4) The final measurement effort involved observing the offsets of the string line that was installed on day 1 across the top of the  wind baffle frame w.r.t. the mechanical center of rotation of the vertical axis of the telescope. With the telescope in its stow position, the intersection of the string lines (by estimation only) lies north 0.022" and west 0.066". Rotating the telescope 180 degrees, the string line lies south 0.044" and east 0.088" from the vertical axis of rotation of the telescope.   Averaging these values defines the center of rotation of the wind baffle w.r.t. the telescope vertical axis of rotation. This point lies south 0.011" and east 0.022" with an accuracy of +/- 0.044".
 
 

CONCLUSIONS AND RECOMMENDATIONS:

With the exception of the 0.190" shim applied to the south bearing cap of the wind baffle and the apparent Rotator offset of 0.072" to the north and west of the mechanical rotation of the vertical axis of the telescope, the overall alignment integrity of the telescope and wind baffle structure appears to be in good shape.

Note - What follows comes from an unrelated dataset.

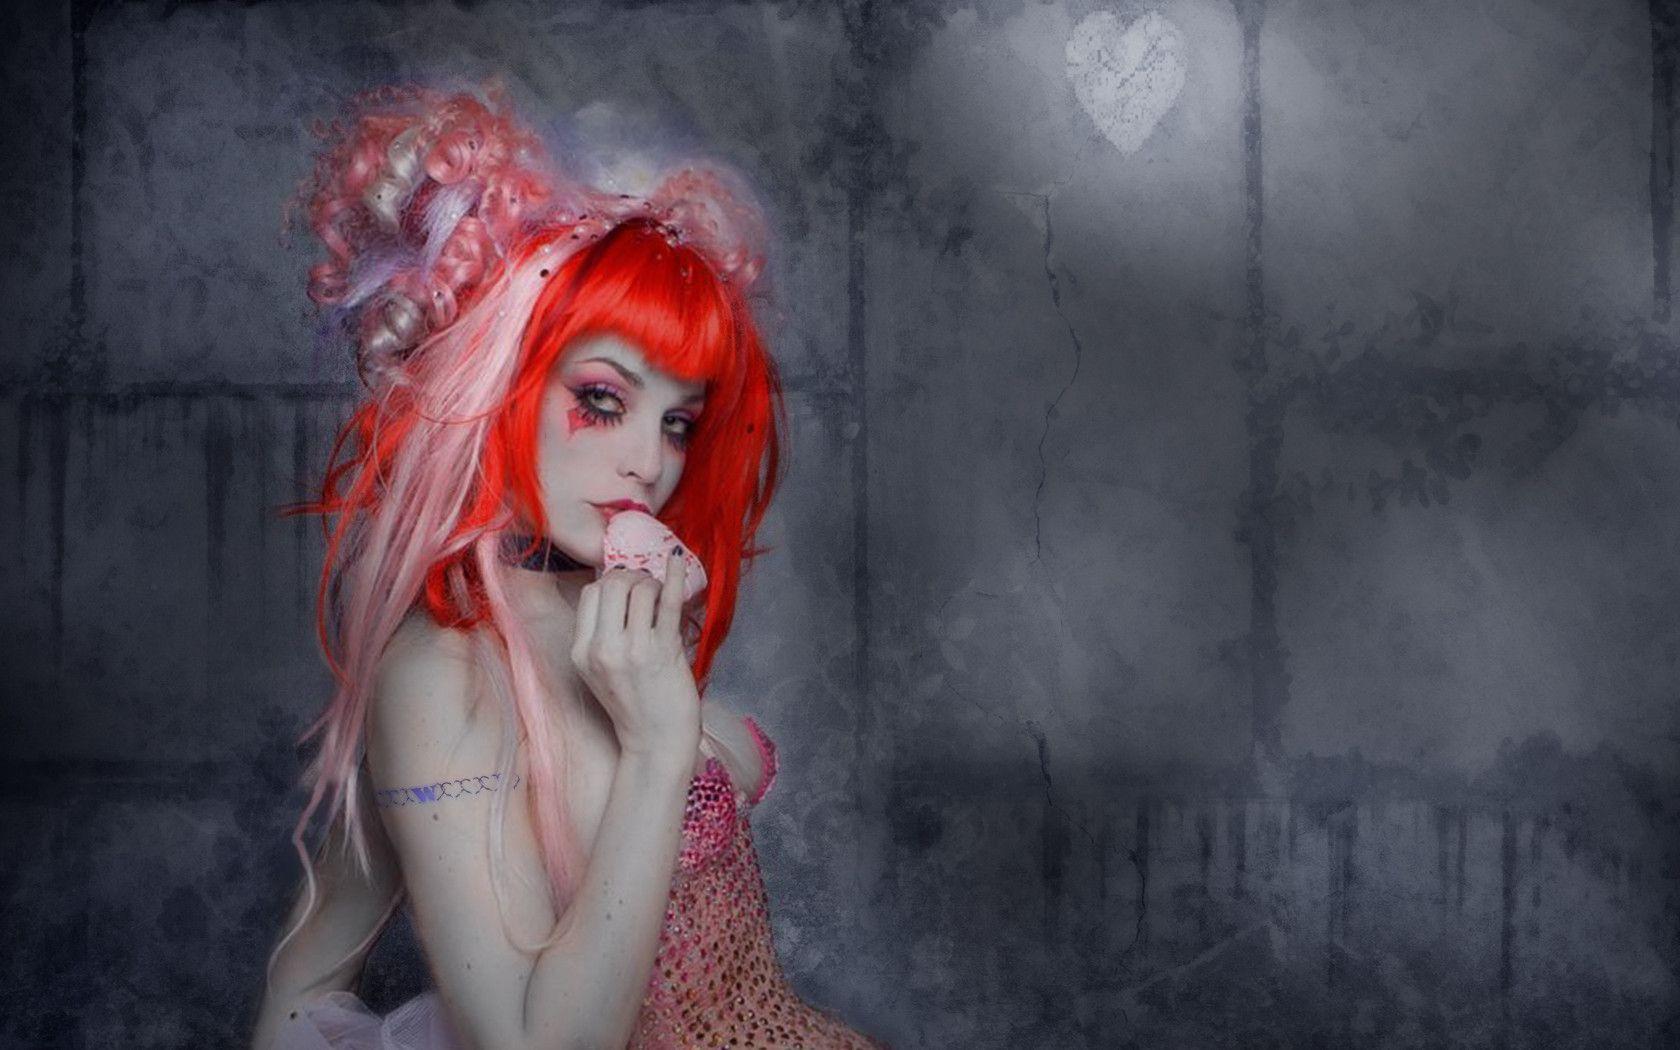 Emilie Autumn Wallpaper 41154 HD Wallpaper. pictwalls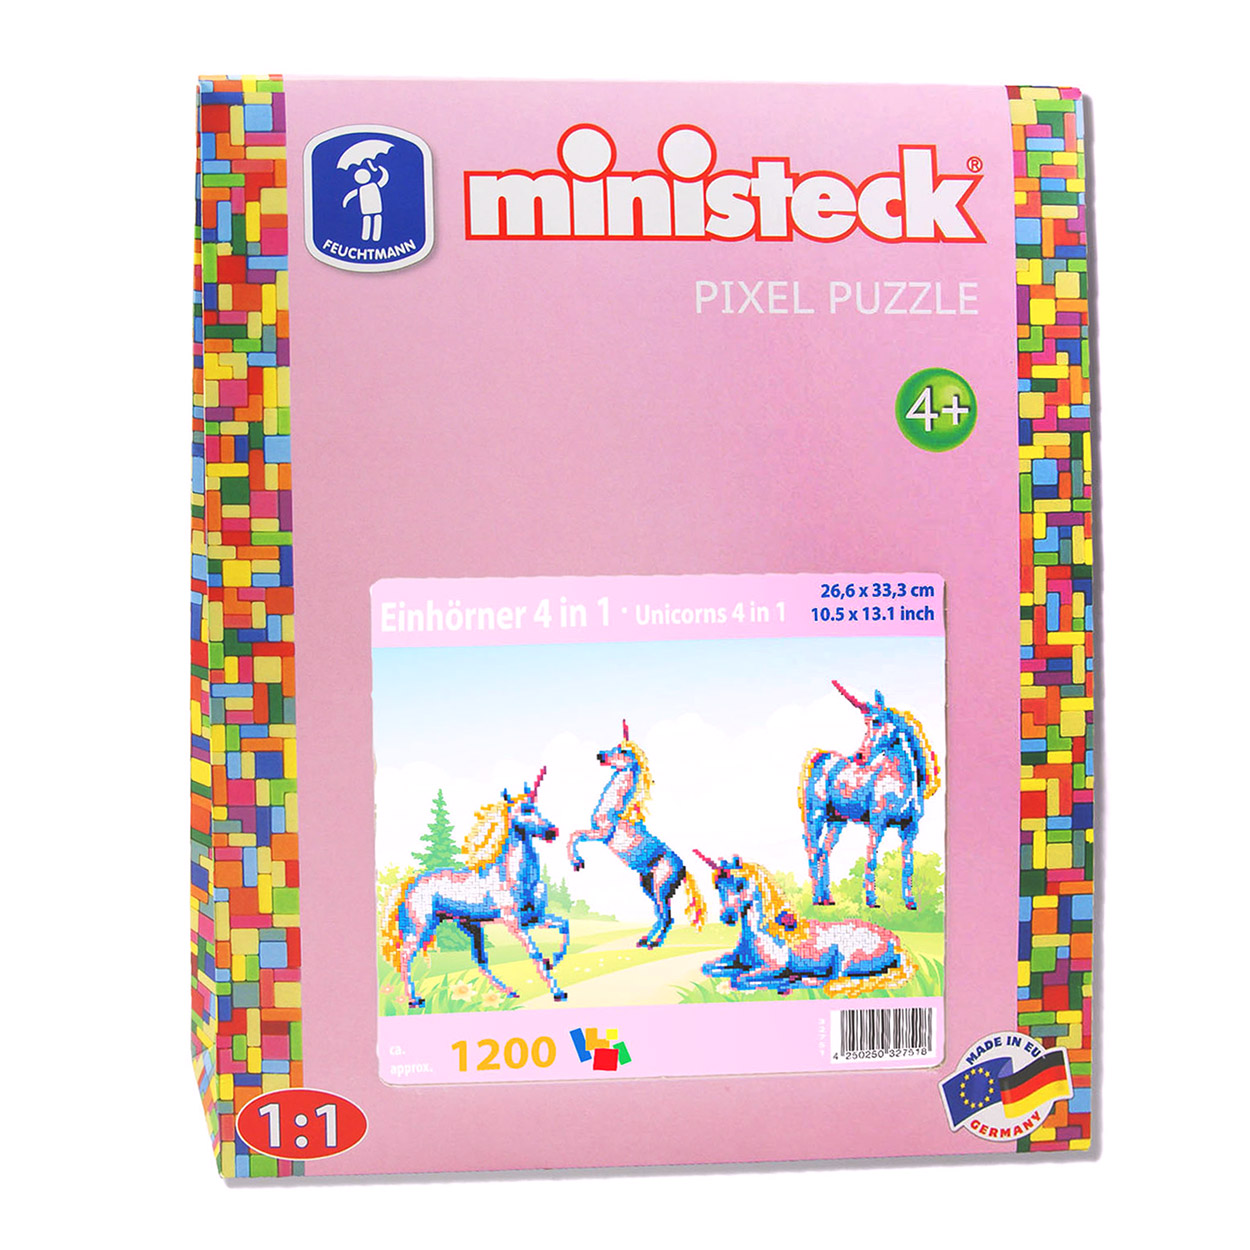 Ministeck 1200st. | Thimble Toys

The amount of work involved for this project was too great for the 2.5 days allotted for it. As it was, we extended the trip to 3 full days to complete the task. However, there was no time for any quality control or final checks of the shimming for various rotations about the vertical axis. I would recommend that this be done at some point. I would also recommend that alignment be incorporated into the design and construction of any future telescopes in order to avoid having to accept less than optimum targeting and accessibility.

I would like to thank Angela Prosapio, Steve Bastian, and Jon Davis for their long hours of effort and assistance to complete this task. I would also like to thank the alignment crew chief Chuck Wilson for his long hours of dedicated measurements and George Wojcik for his quality control checks of the computations.